И вошли мы в дом, и женщины там, внутри / молча расступились, впуская нас, / и качались в руках армейские фонари, / отгоняя тени от скул и от тёмных глаз. // И сказал командир — сестрёнка, тихим огнём / нынче каждая светит тропа, что сюда вела, / и пастухи упрямо бредут по ним, / потихоньку прихлёбывая из горла. (Перевод Марии Галиной)

Лев Оборин

Жадан — поэт катастрофического творения мира, интонационно (да и по настроениям) не так уж парадоксально родственный раннесоветским революционным поэтам — тоже людям разлома. Эпоха девяностых-двухтысячных разворачивается у него как громадный эпос, населённый бандитами, проститутками, боевиками — и при этом полный мощного торжества жизни. Мощный и страшный, как миф, в своём начале, Жадан по мере поэтического становления делается всё жёстче, суше, резче — и социальнее. Более всего он таков в последнем разделе своего избранного — «Почему меня нет в социальных сетях». Эта часть вся — о событиях и людях последних двух лет. О войне. Но даже читая последнюю, страшную часть книги, где смерть просто в каждом стихотворении, застаёшь себя за мыслью: эта поэзия, переполненная едва ли не всей состоявшейся до неё историей, обломками её горького опыта, — всё-таки поэзия нового, после многих крушений, начала мира.

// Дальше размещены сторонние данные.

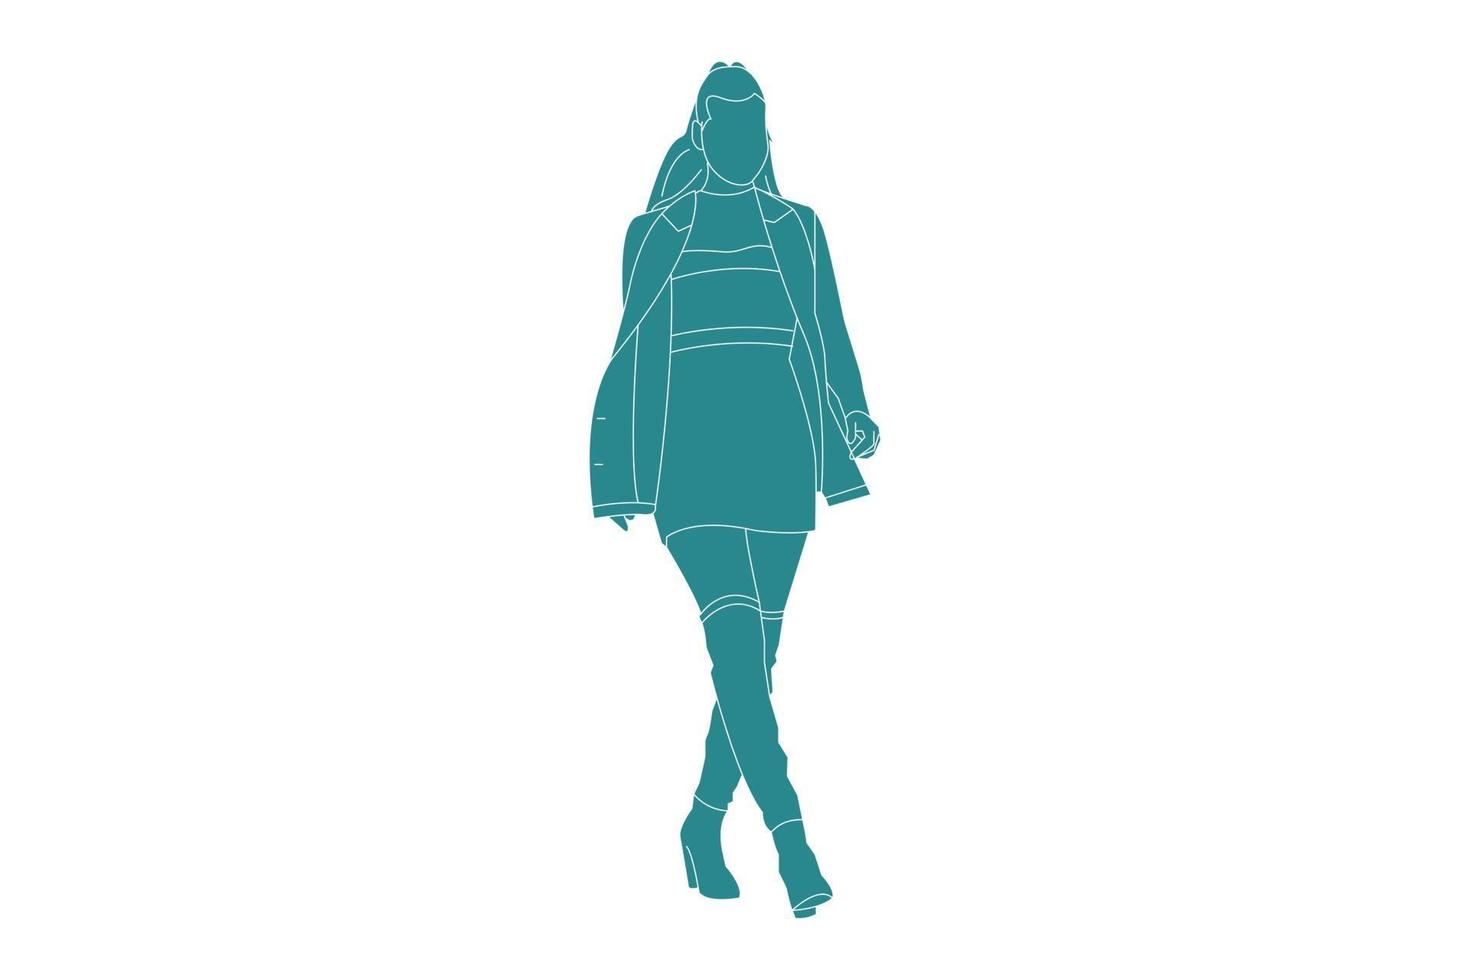 mujer de ilustración vectorial posando en la acera, estilo plano con contorno vector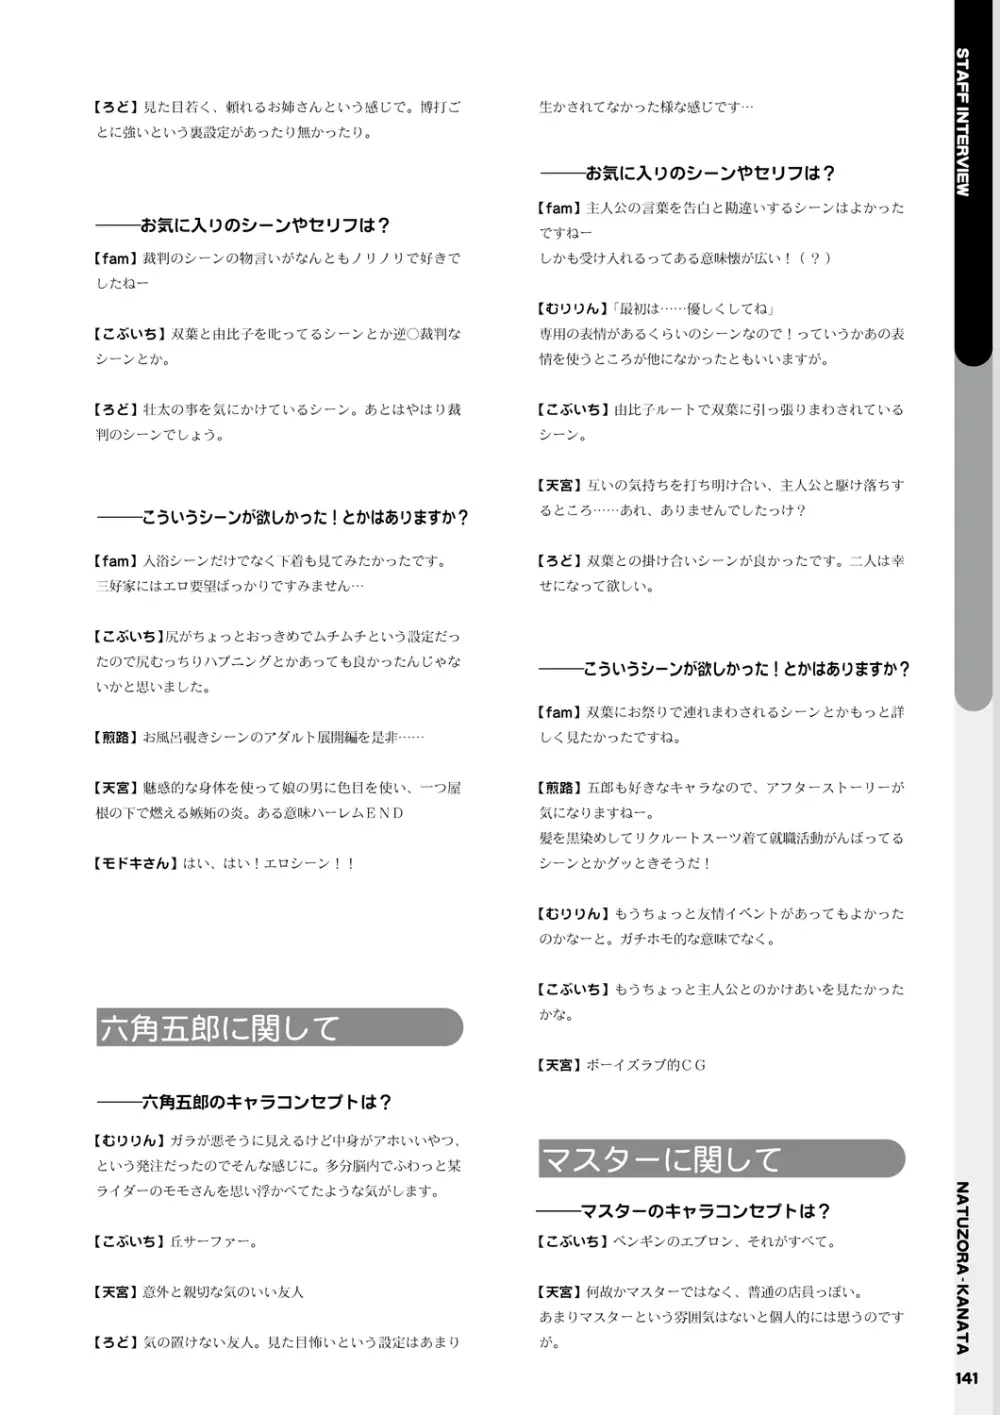 夏空カナタ オフィシャル・ビジュアルファンブック 143ページ

Поэзия молодого народа, у которого всё ещё впереди.
...на самом деле культура начала столетия / уже отпечаталась венами на медленной твоей руке, / укоренилась в изломах твоих упругих волос, / перехваченных небрежно на ветру, / развеянных над пальцами, / словно струи тёплой воды над умывальником, / словно глиняные цветные ожерелья над чашками и пепельницами, / словно длинное осеннее небо / над кукурузным полем. (Перевод Игоря Сида)

Ольга Балла

События, разворачивающиеся в томе избранных стихов Сергея Жадана, сменяются с невероятной скоростью. В центральном корпусе «Почему меня нет в социальных сетях» подобное ускорение и внимание к нарративной простоте возведено в константу — только таким образом может существовать поэзия, устремлённая к горизонту войны. Тексты Жадана можно воспринимать как своего рода «изнаночную» хронику украинской истории: по его словам, ему важна была не идеологическая повестка, а «люди и конкретные имена». Такой пафос обеспечивает эмоциональную напряжённость этих текстов, предел которой заключён в риторическом жесте, прямой обращённости к адресату высказывания и тому, кто его воспринимает: практически всегда осью стихов Жадана является местоимение «ты». Подобное стремление к упразднению социальных и индивидуальных границ проясняет художественную природу этих стихов: концентрация на сюжете, мелодекламативность (фактически балладность), мифологизация городской повседневности и в то же время реанимация народной риторики могут вызывать в памяти опыт украинского модернизма, которому Жадан отдал дань как филолог. Возможно, это подключение к традиции выступает одним из условий, позволяющих Жадану оформлять новый дискурс украинской литературы и основательно участвовать в формировании новой украинской идентичности.
Плачь и разбивай темноту своими тёплыми руками. / Плачь и не отходи от него ни на шаг. / Мир никогда не будет таким, как раньше. / Мы ни за что не позволим ему / быть таким, как раньше. (Перевод Станислава Бельского)

Евгений Былина

Чарлз Резникофф. Холокост
Пер. с англ. Андрея Сен-Сенькова; предисл. И. Кукулина. — СПб.: Порядок слов, 2016. — 144 с. — (Новые стихи. Переводы)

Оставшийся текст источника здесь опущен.